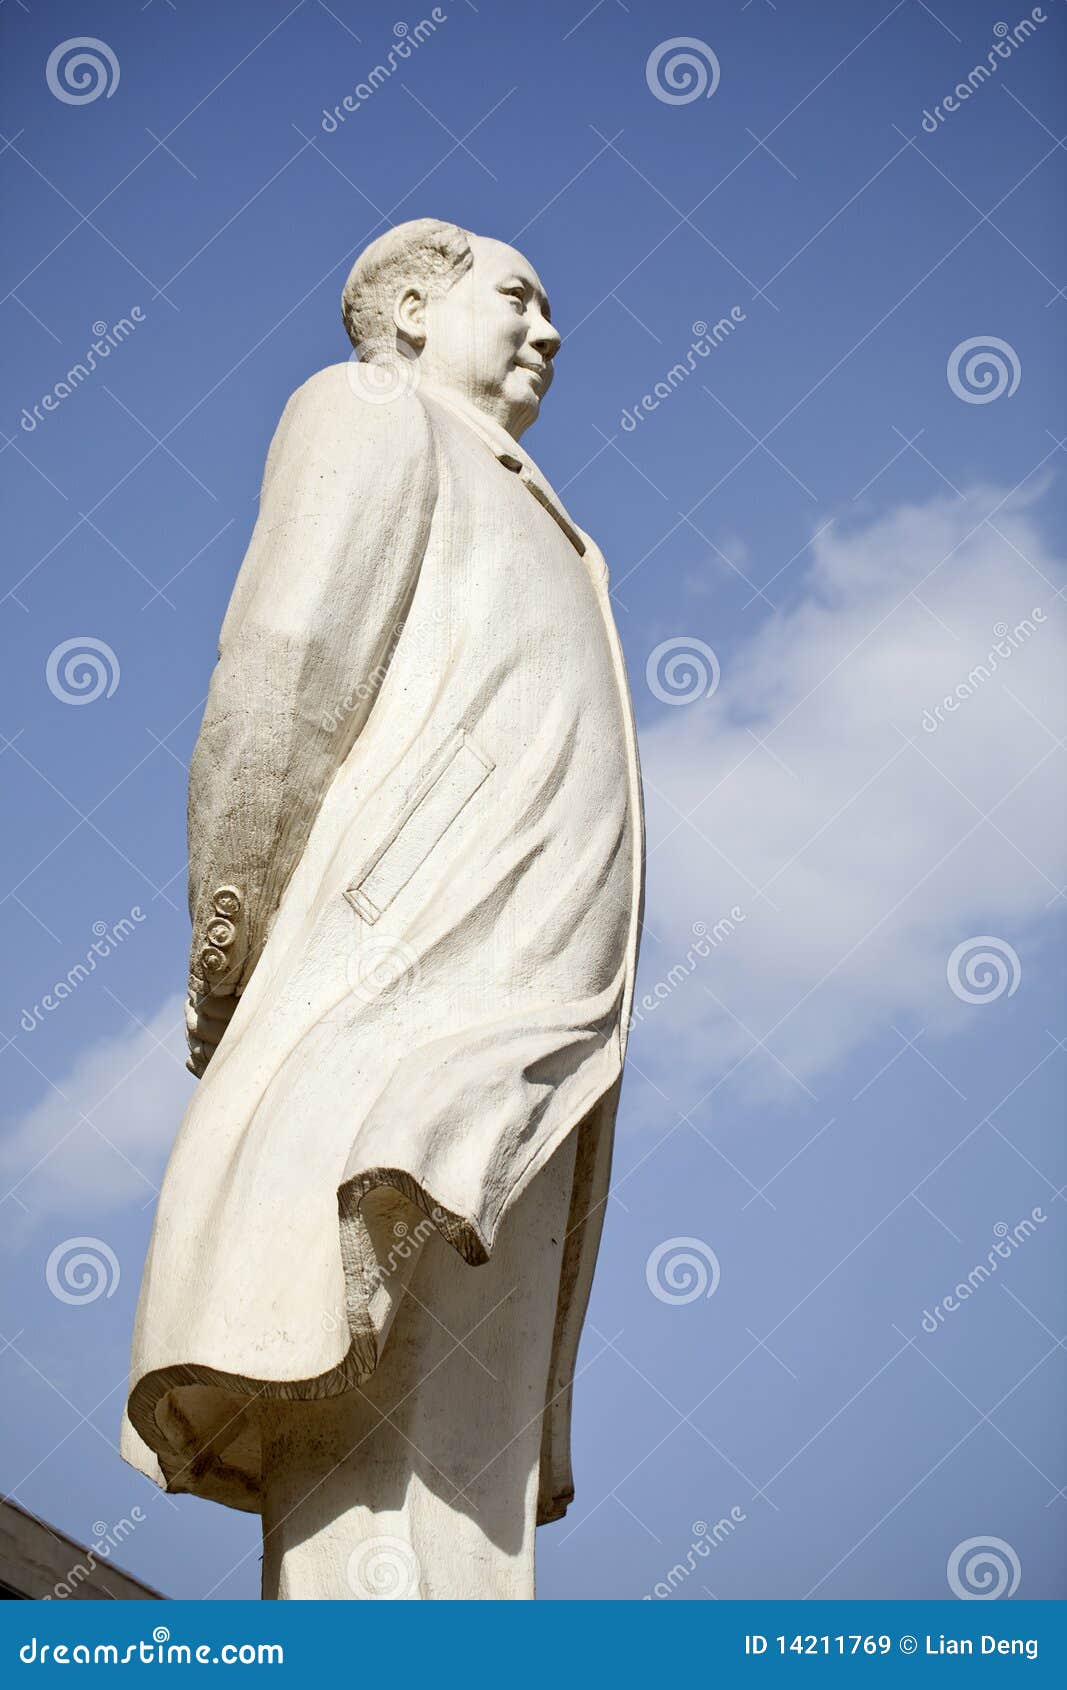 marble statue of chairman mao
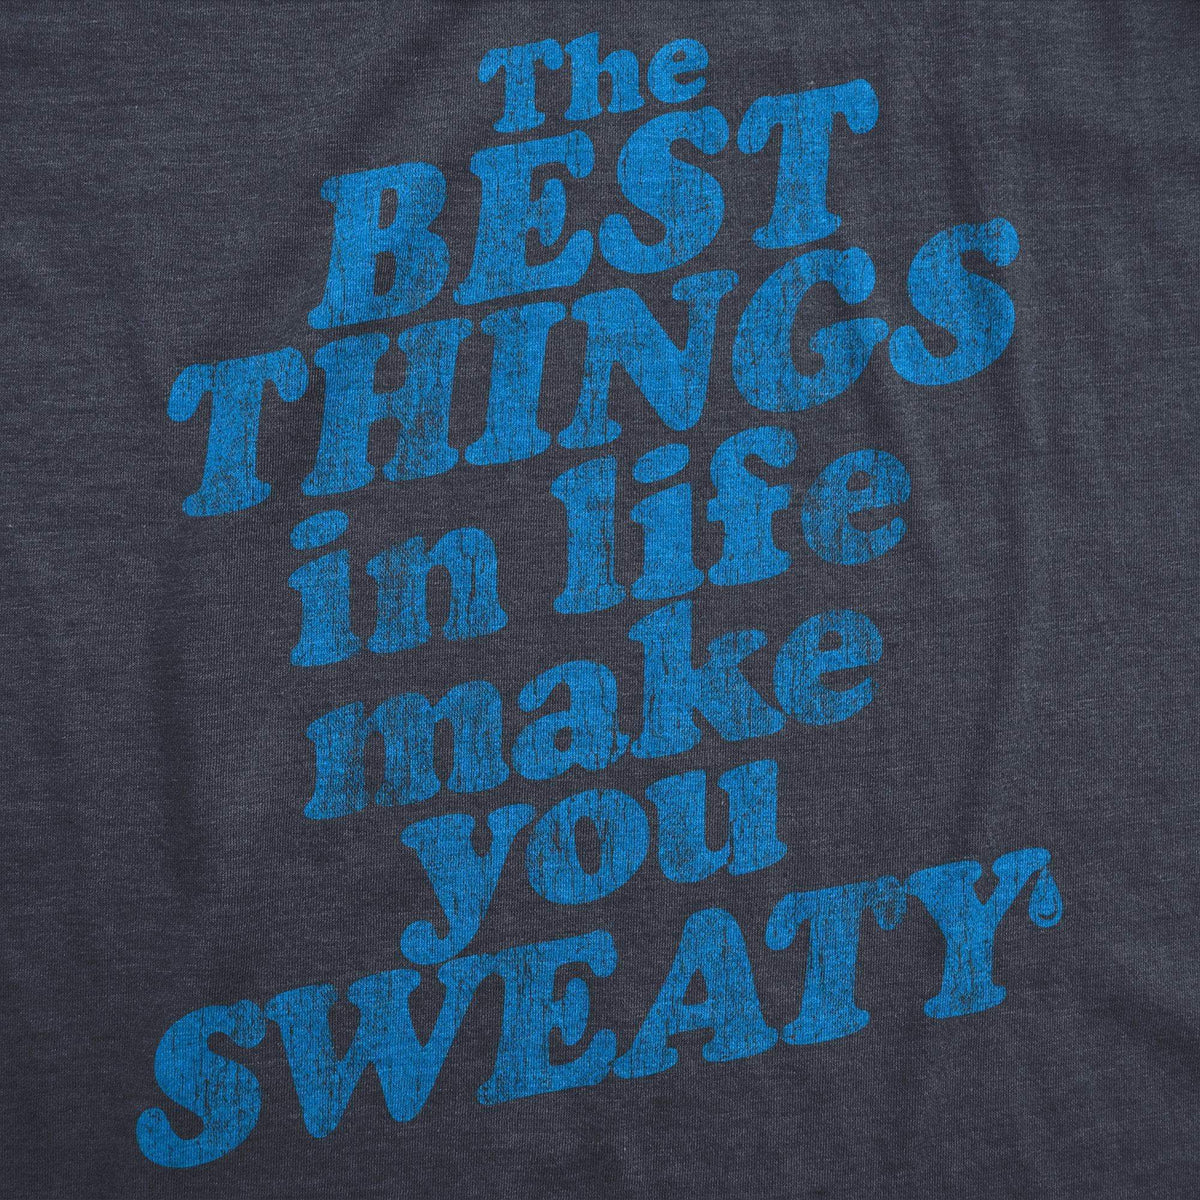 The Best Things In Life Make You Sweat Women&#39;s Tshirt - Crazy Dog T-Shirts
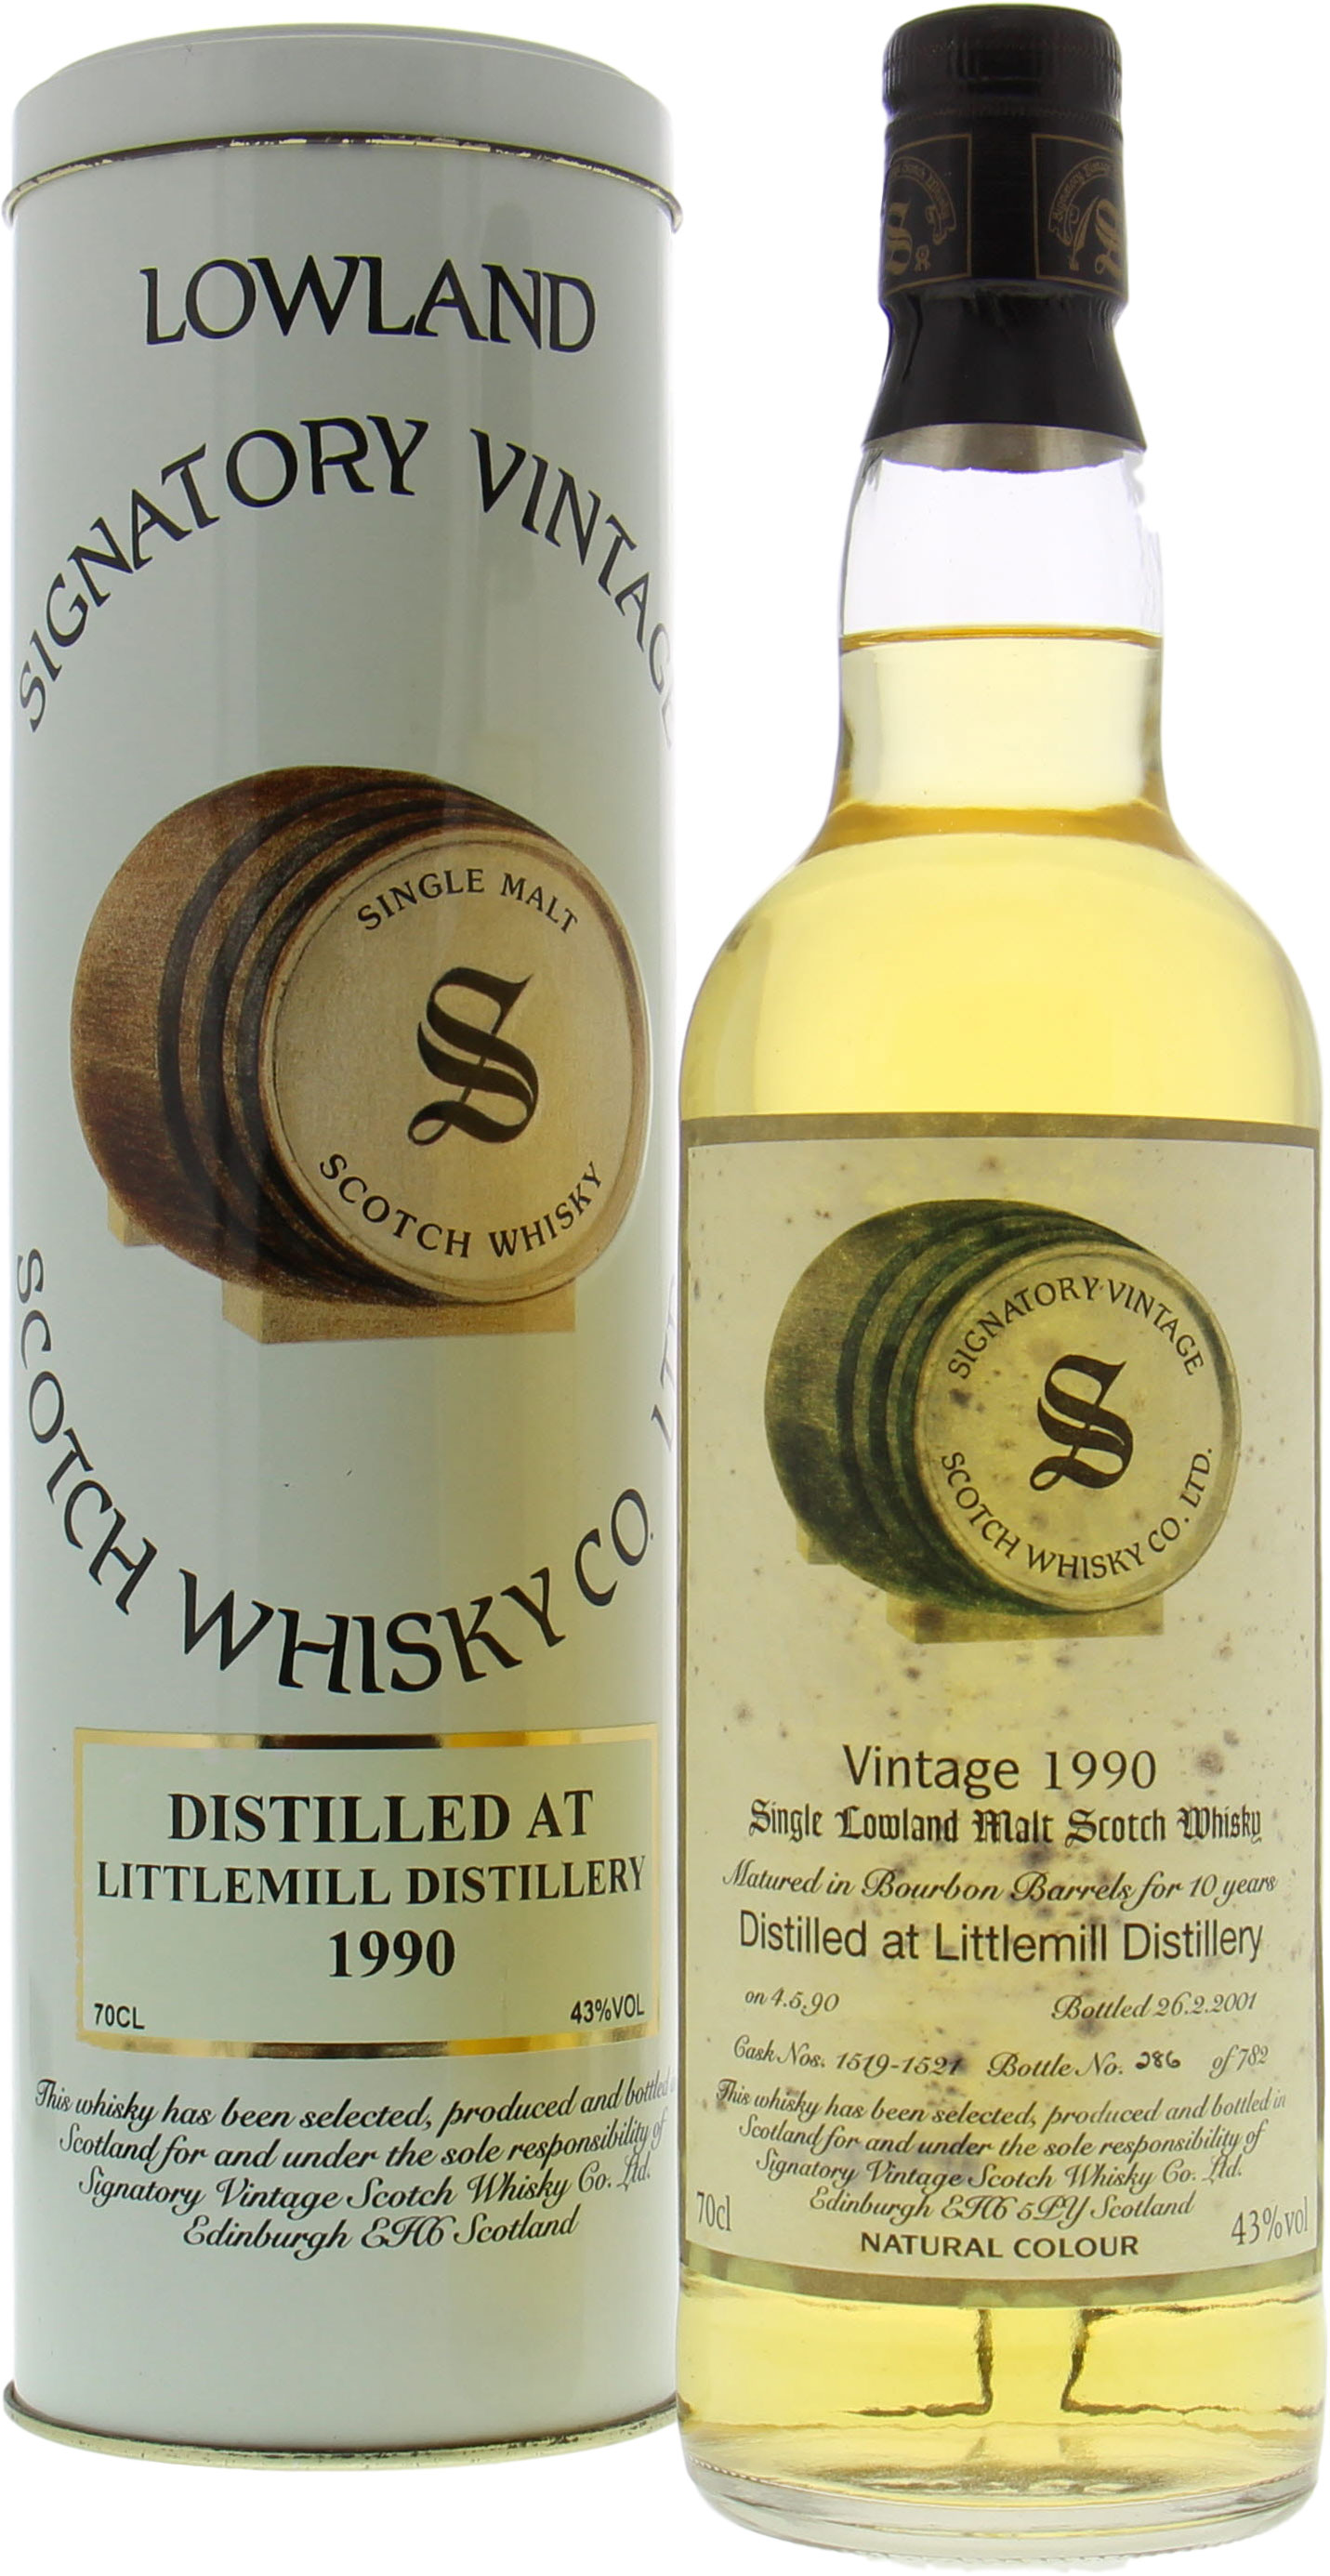 Littlemill - Signatory Vintage Collection Cask 1519-1521 43% 1990 In Original Container
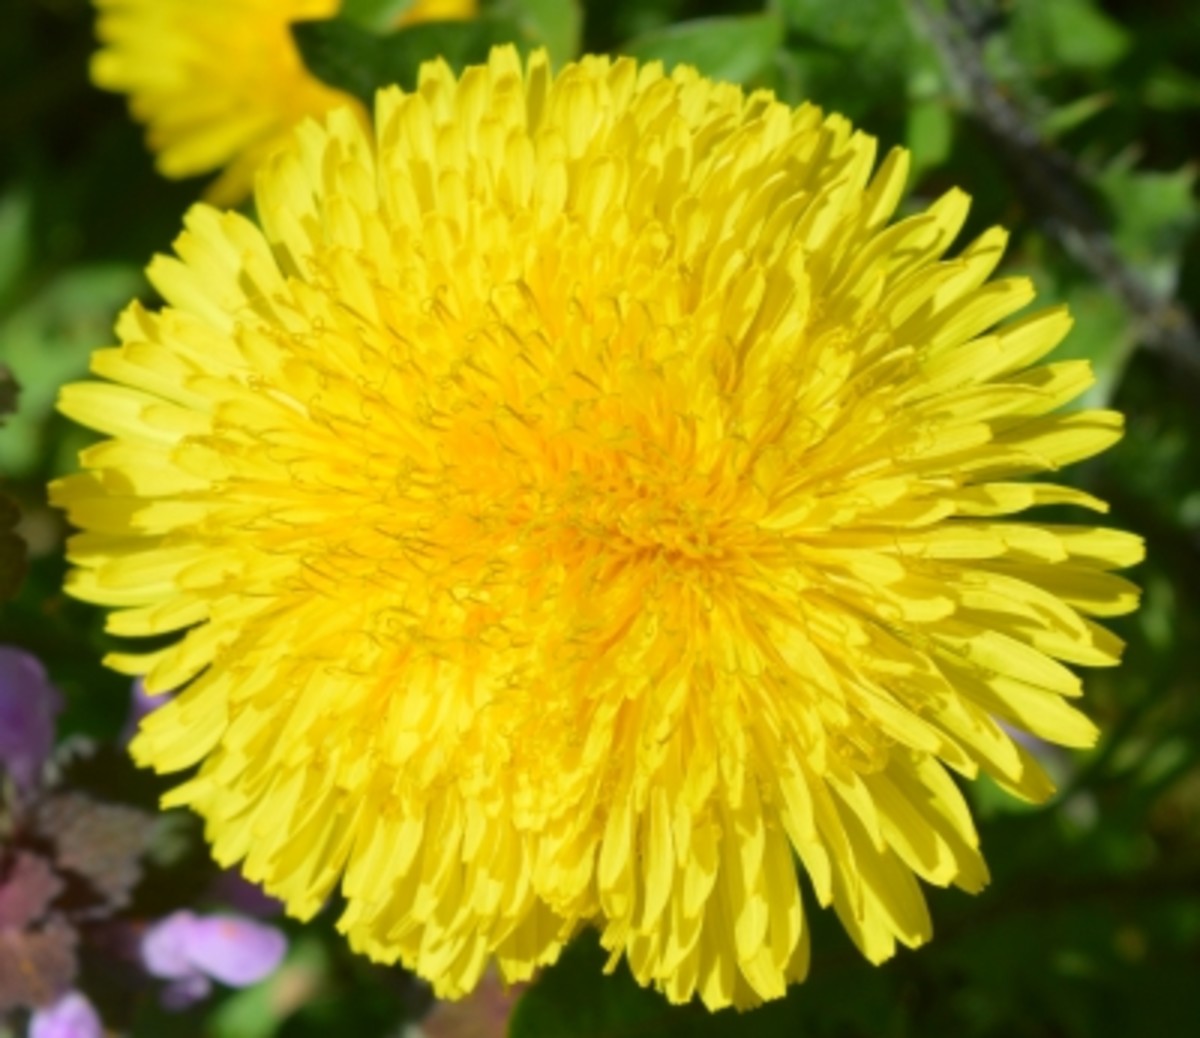 Dandelion is not just a weed anymore. Read about the health benefits of this flower and other herbs and plants below!

● ● ● ● ●

__DESCRIPTION OF THE TASK__:
In the copy, no pictures are to appear; write out exactly the lines from the one containing "Littlemill - Signatory" through the end of the listing above and no further lines.

__SOLUTION FOR THIS PROBLEM__:
 Littlemill - Signatory Vintage Collection Cask 1519-1521 43% 1990 In Original Container
 Dandelion is not just a weed anymore. Read about the health benefits of this flower and other herbs and plants below!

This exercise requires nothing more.